Exercise 3: backprop through batchnorm but all in one go#
We now get to exercise number three, which is a very fun exercise depending on your definition of fun. We are going to do for batchnorm exactly what we did for cross entropy loss in exercise 2. That is that is we are going to consider it as a glued single mathematical expression and backprop through it in a very efficient manner because we are going to derive a much simpler formula for the backward pass of batchnorm and we’re going to do that using pen and paper. So previously we’ve broken up batchnorm into all of the little intermediate pieces and all the atomic operations inside it and then we backpropagated through it one by one. Now, we just have a single forward pass and it’s all glued together:
# Exercise 3: backprop through batchnorm but all in one go
# to complete this challenge look at the mathematical expression of the output of batchnorm,
# take the derivative w.r.t. its input, simplify the expression, and just write it out
# forward pass
# before:
# bnmeani = 1/n*hprebn.sum(0, keepdim=True)
# bndiff = hprebn - bnmeani
# bndiff2 = bndiff**2
# bnvar = 1/(n-1)*(bndiff2).sum(0, keepdim=True) # note: Bessel's correction (dividing by n-1, not n)
# bnvar_inv = (bnvar + 1e-5)**-0.5
# bnraw = bndiff * bnvar_inv
# hpreact = bngain * bnraw + bnbias
# now:
hpreact_fast = (
bngain
* (hprebn - hprebn.mean(0, keepdim=True))
/ torch.sqrt(hprebn.var(0, keepdim=True, unbiased=True) + 1e-5)
+ bnbias
)
print("max diff:", (hpreact_fast - hpreact).abs().max())
max diff: tensor(4.7684e-07, grad_fn=<MaxBackward1>)

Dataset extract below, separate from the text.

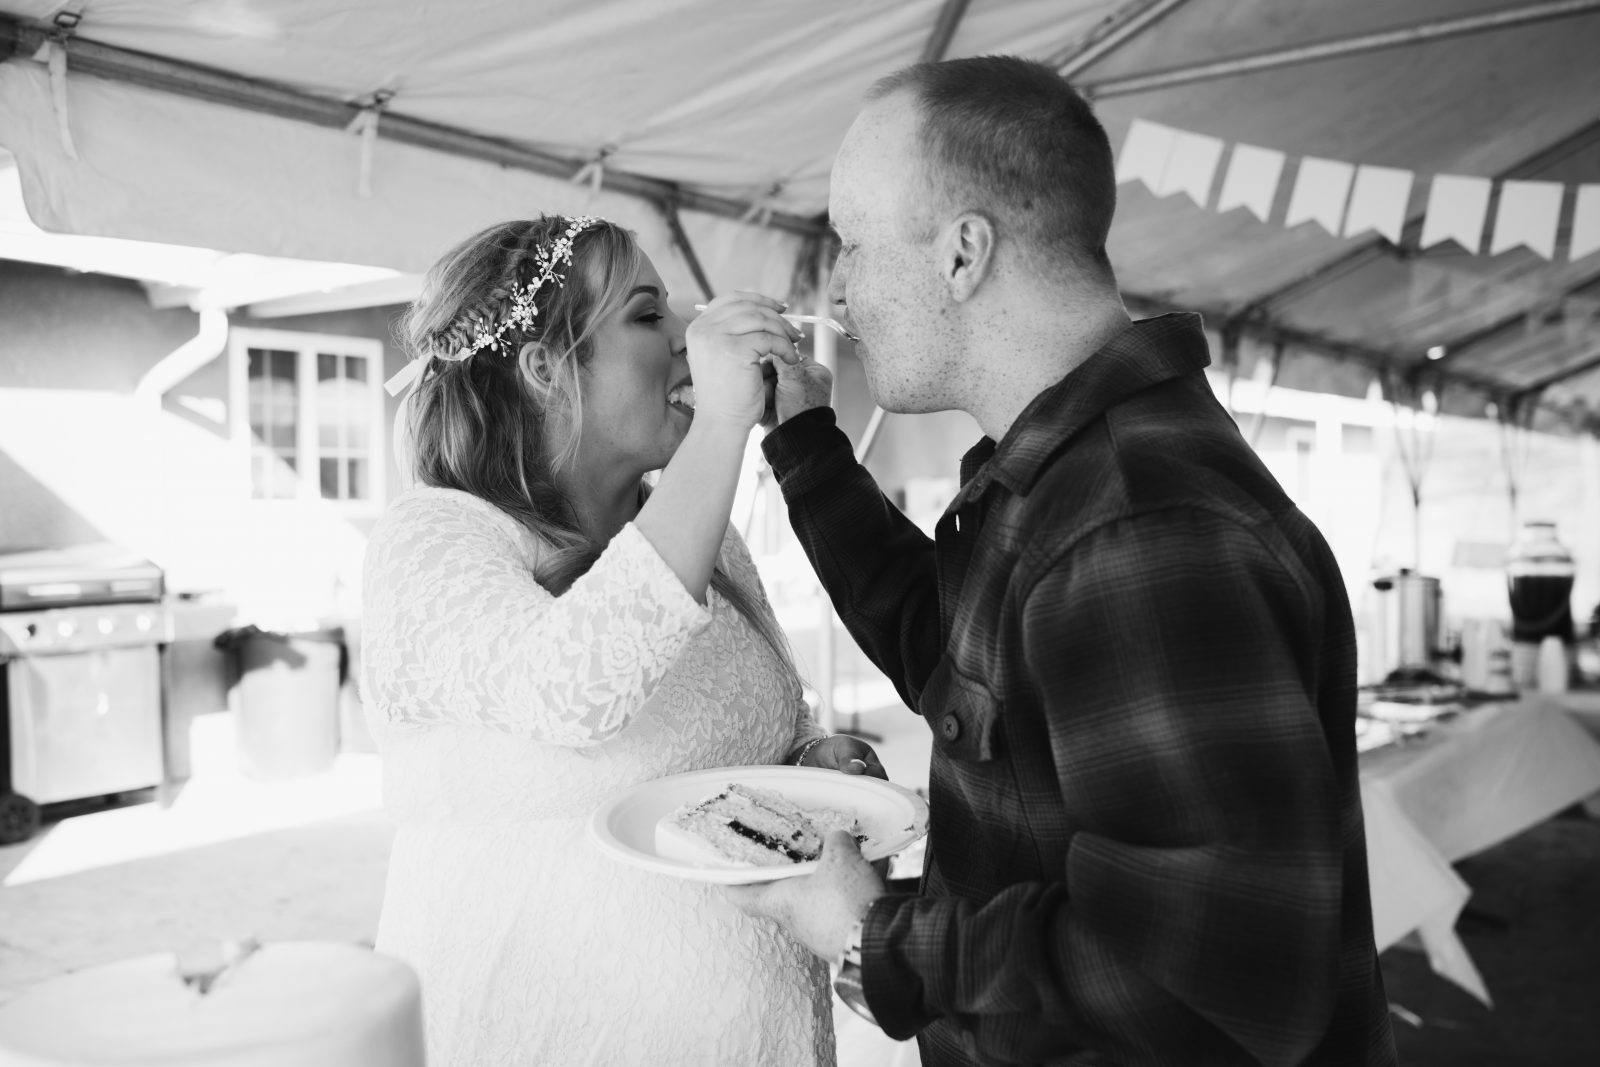 bride and groom eating wedding cake at a casual wedding ceremony

And we see that we get the exact same result as before: an almost-zero difference. Now for the backward pass, we’d like to also implement a single formula basically for backpropagating through this entire operation that is the batchnorm. So in the forward pass previously we took hprebn, the hidden states of the pre batch normalization and created hpreact which is the hidden states just before the activation. In the batchnorm paper:
from IPython.display import Image, display
display(Image(filename="batchnorm_algorithm1.png"))
hprebn is \(x\) and hpreact is \(y\). So in the backward pass what we’d like to do now is we have dhpreact and we’d like to produce dhprebn and we’d like to do that in a very efficient manner. So that’s the name of the game. Calculate dhprebn given dhpreact and for the purposes of this exercise, we’re going to ignore gamma and beta and their derivatives, because they take on a very simple form in a very similar way to what we did up above. So let’s calculate dhprebn (\(\dfrac{\partial L}{\partial x_i}\)) given dhpreact (\(\dfrac{\partial L}{\partial y_i}\)) (i.e. backprop through the batchnorm). According to Algorithm 1 above (from the paper):
____μ______(3)_______
╱ ╲ │
(4) ╲ │
╱ ╲ ↓
[x]---→σ²---(2)---→[x̂]---(1)-----→[y]
╲ ↑ ╱│
╲______________________│ γ β
the bracketed variables represent vectors and the numbering represents the order in which we are going to backprop, going from (1) (right) all the way to (4) (left). Therefore, given \(\dfrac{\partial L}{\partial y_i}\) we want to calculate \(\dfrac{\partial L}{\partial x_i}\):
1. \(\dfrac{\partial L}{\partial \hat{x}_i} = \gamma \dfrac{\partial L}{\partial y_i}\), easy enough :)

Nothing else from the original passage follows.